Records for processing:
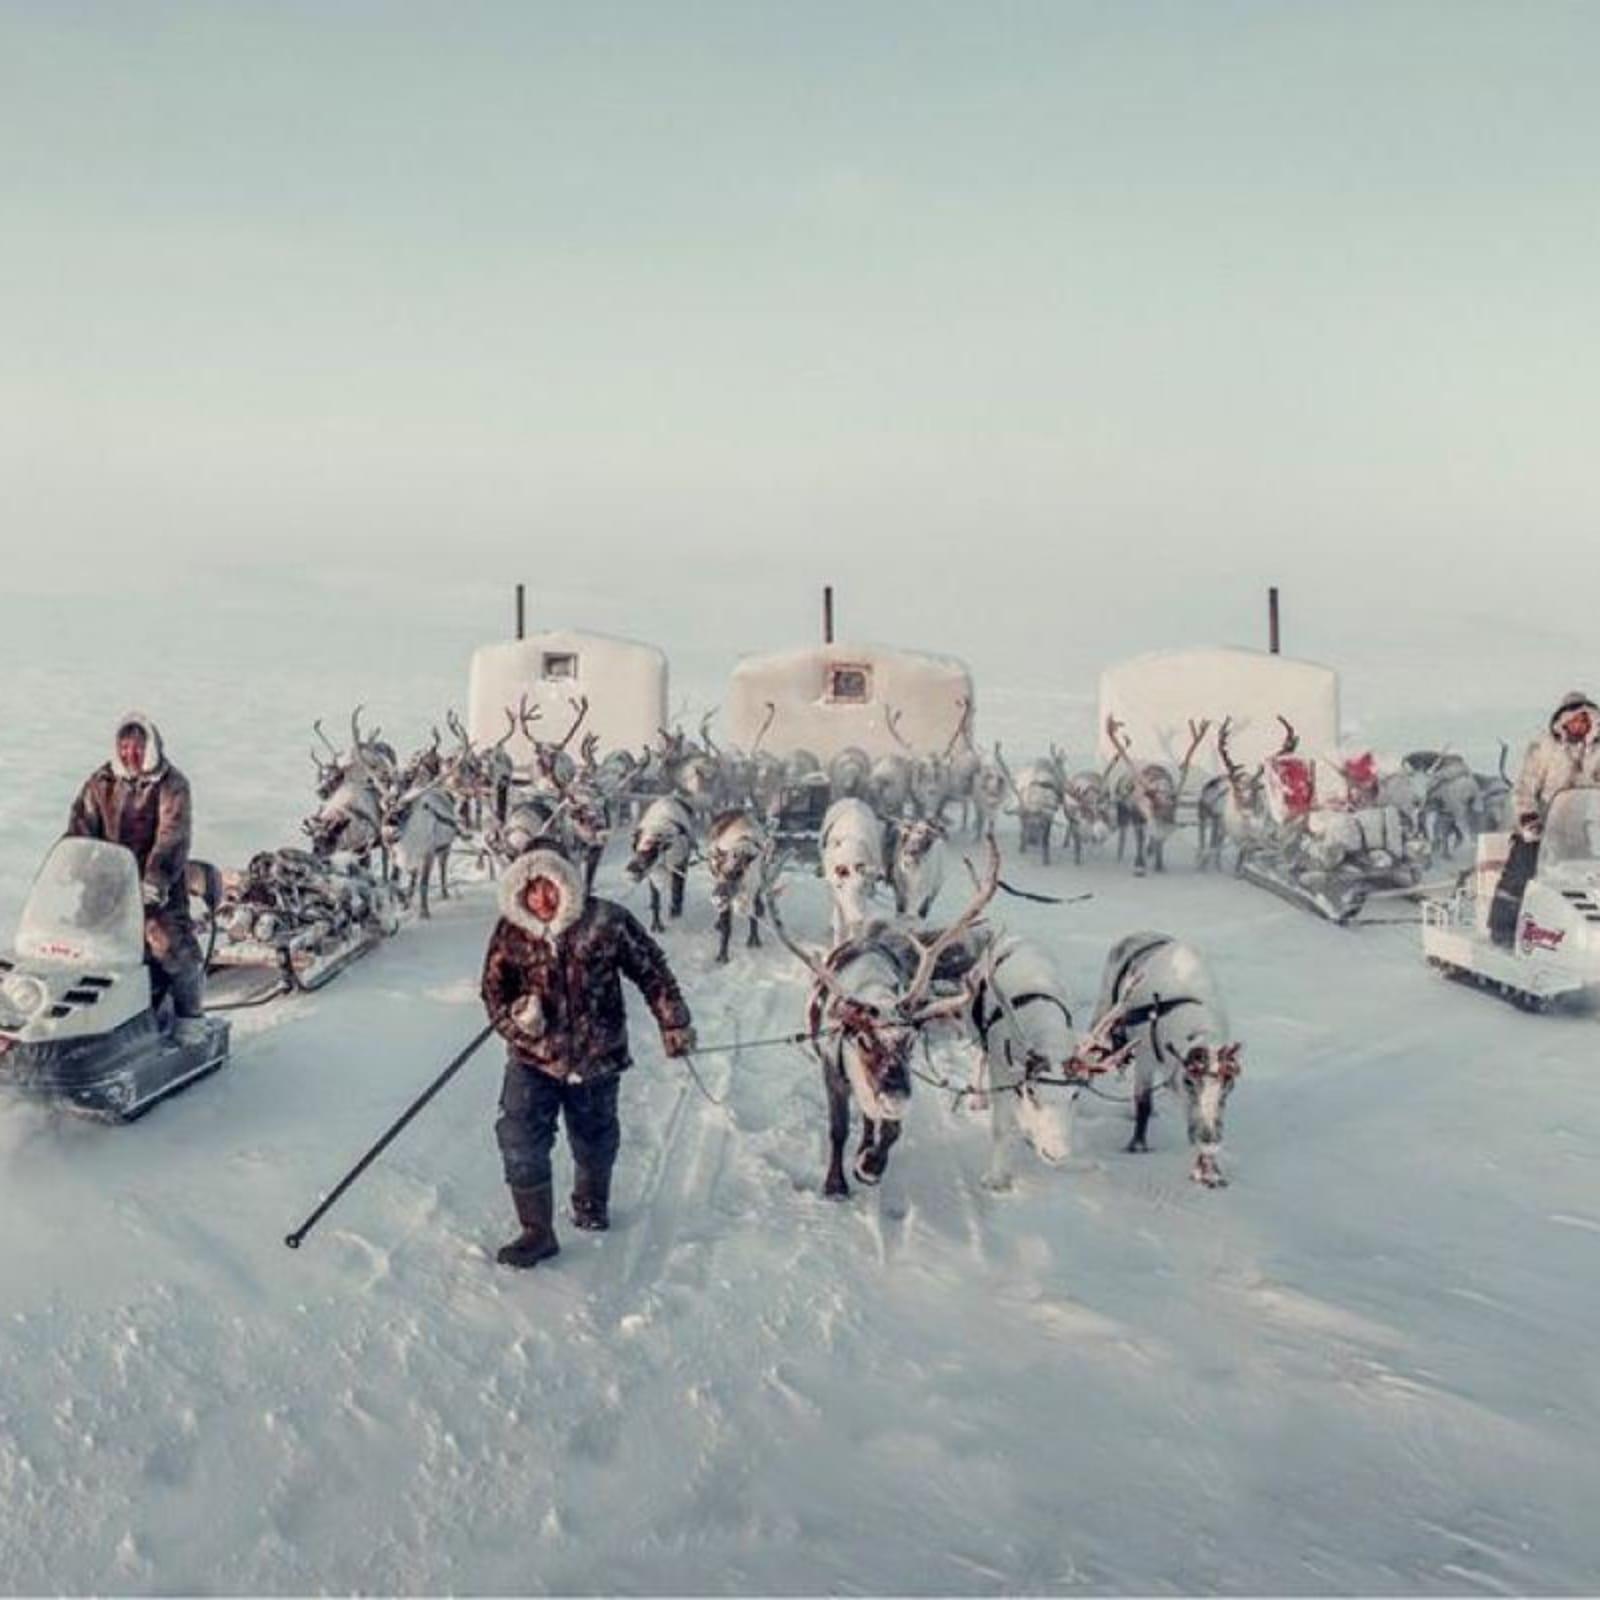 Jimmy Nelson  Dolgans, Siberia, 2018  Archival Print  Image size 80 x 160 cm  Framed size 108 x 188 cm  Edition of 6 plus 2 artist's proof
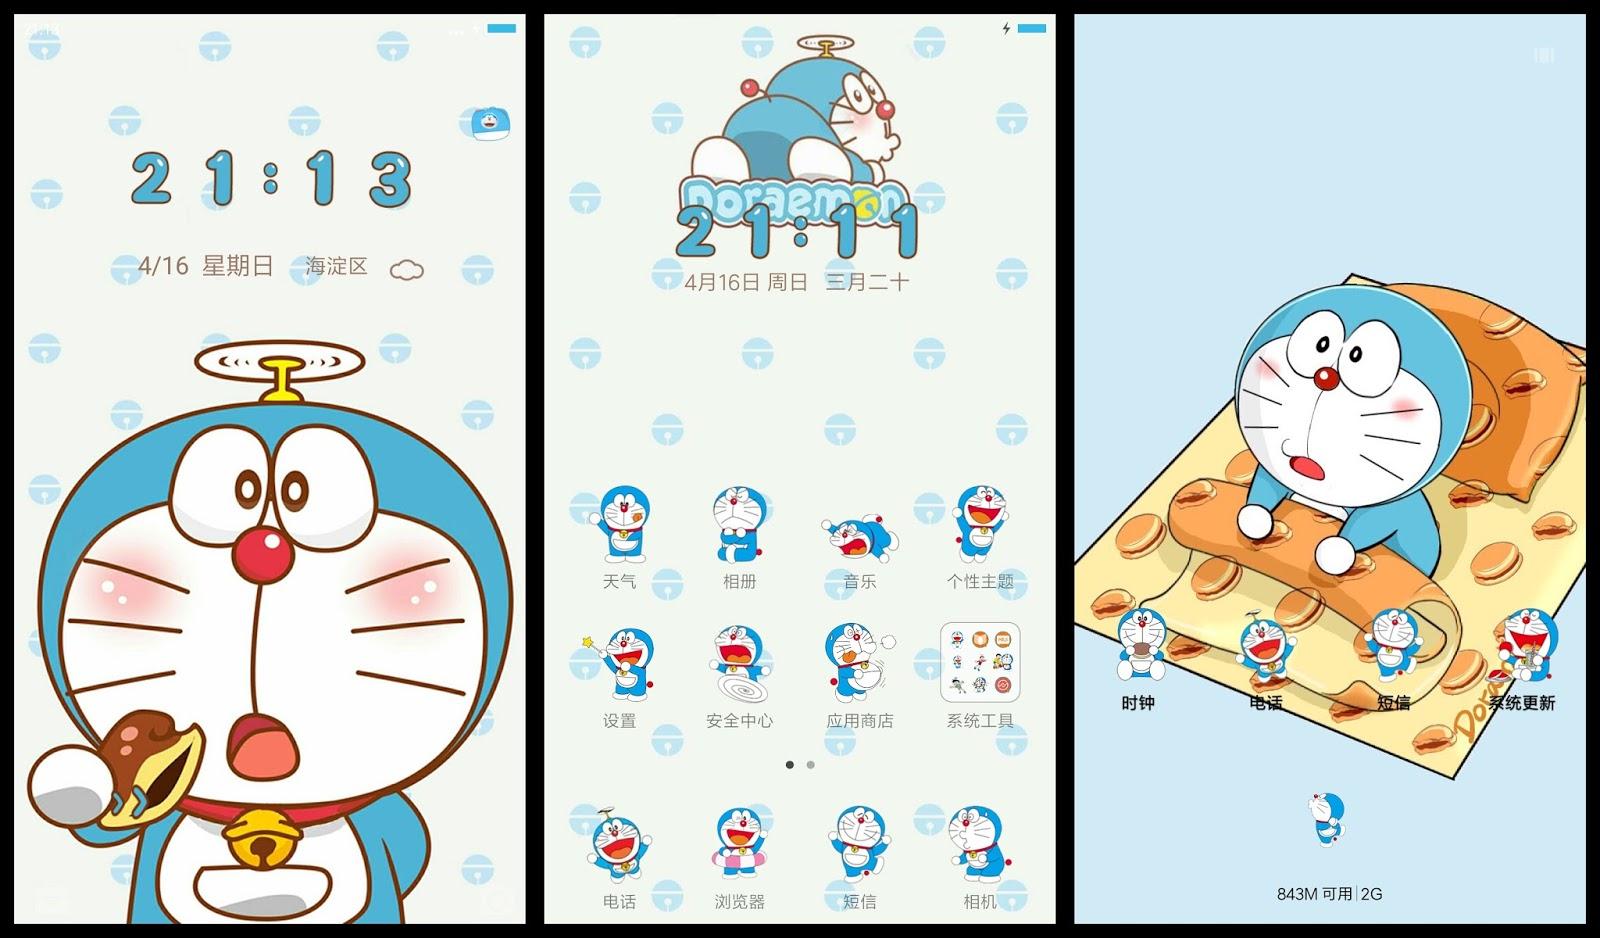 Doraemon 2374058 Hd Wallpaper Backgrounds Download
...
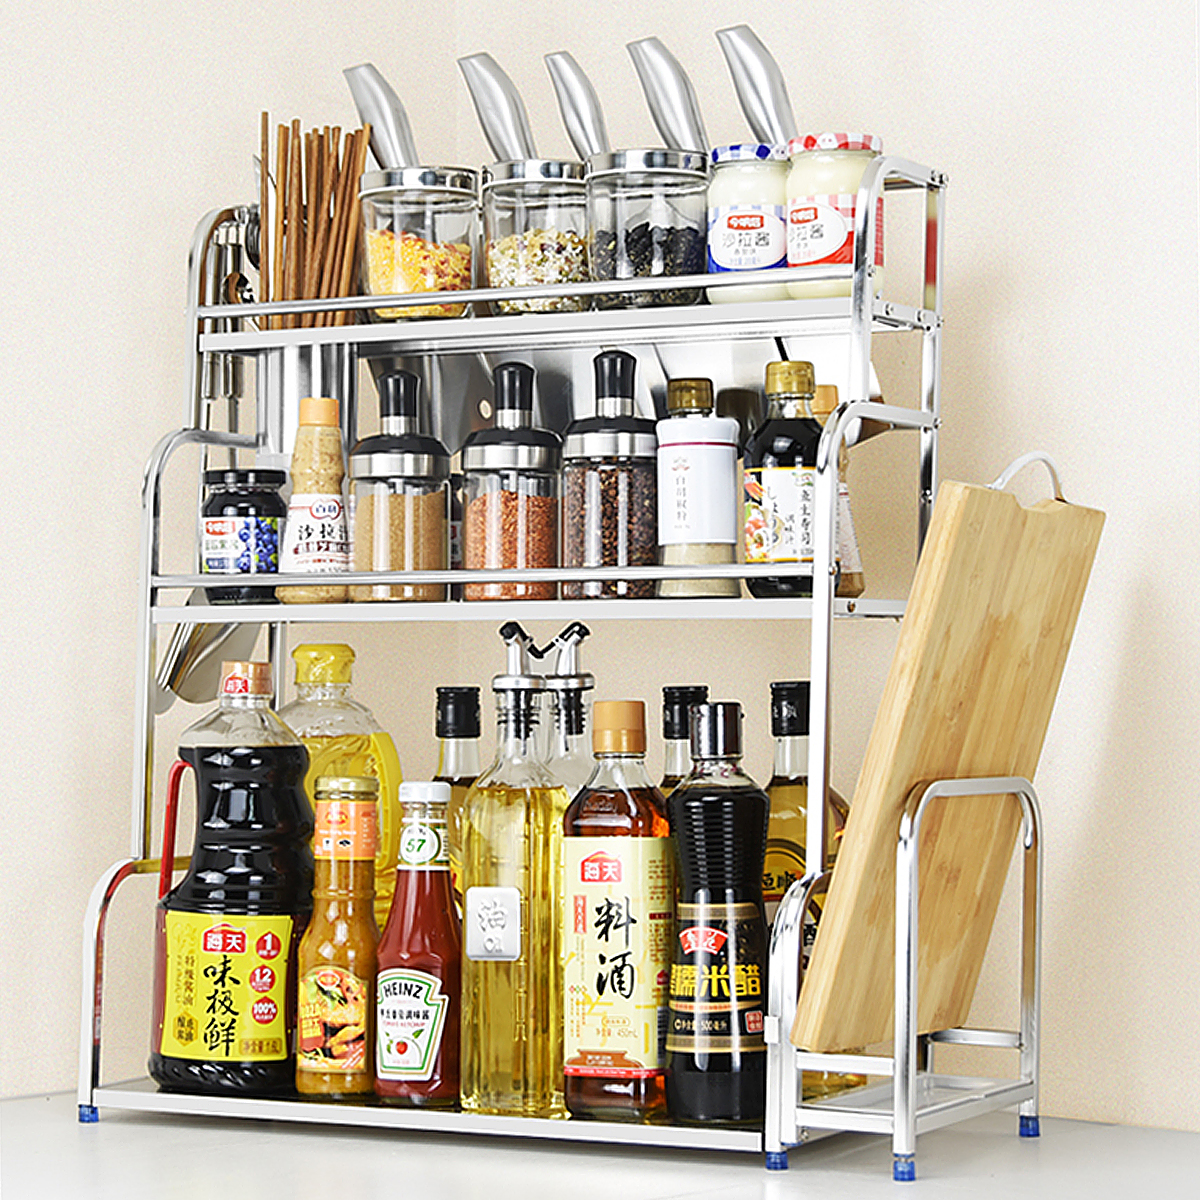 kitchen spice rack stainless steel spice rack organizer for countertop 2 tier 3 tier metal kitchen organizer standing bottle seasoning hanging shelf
...
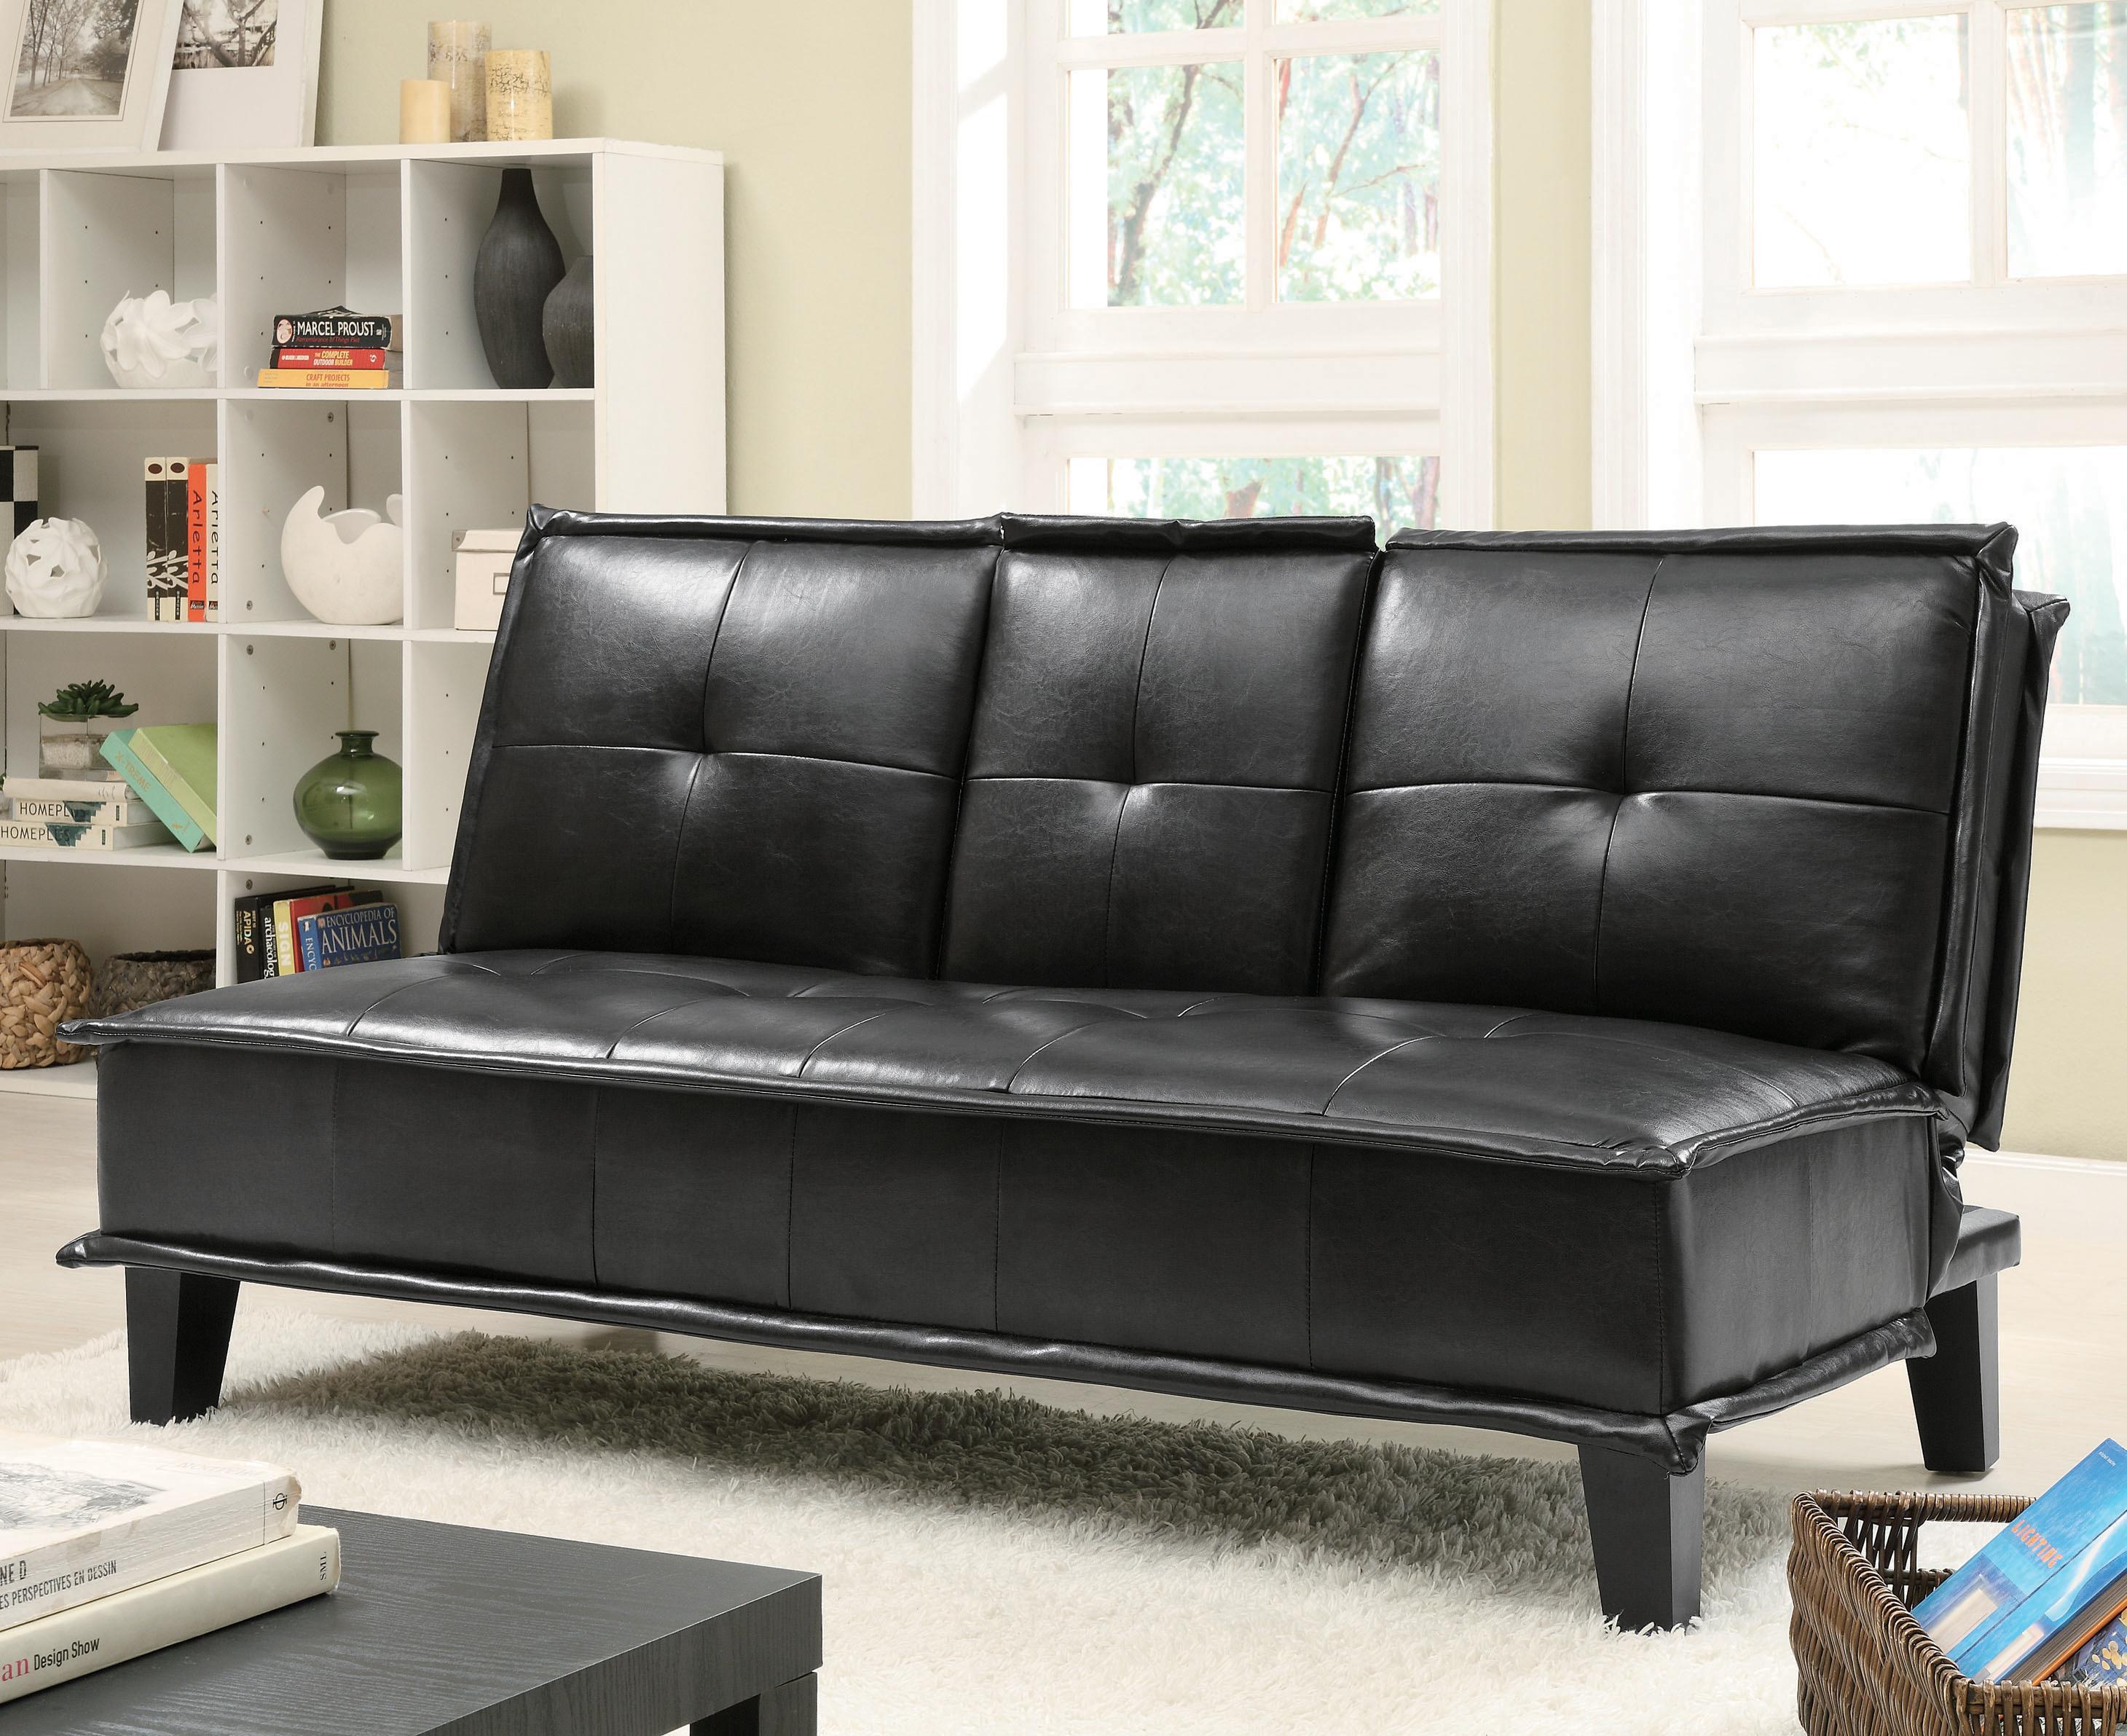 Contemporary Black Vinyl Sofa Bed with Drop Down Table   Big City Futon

The task: Keep to the stretch from the line containing "2 artist's proof" through the line containing "Doraemon 2374058 Hd", both ends included, and copy it exactly from the listing above, minus the pictures.

Answer below:
 Jimmy Nelson  Dolgans, Siberia, 2018  Archival Print  Image size 80 x 160 cm  Framed size 108 x 188 cm  Edition of 6 plus 2 artist's proof
 Doraemon 2374058 Hd Wallpaper Backgrounds Download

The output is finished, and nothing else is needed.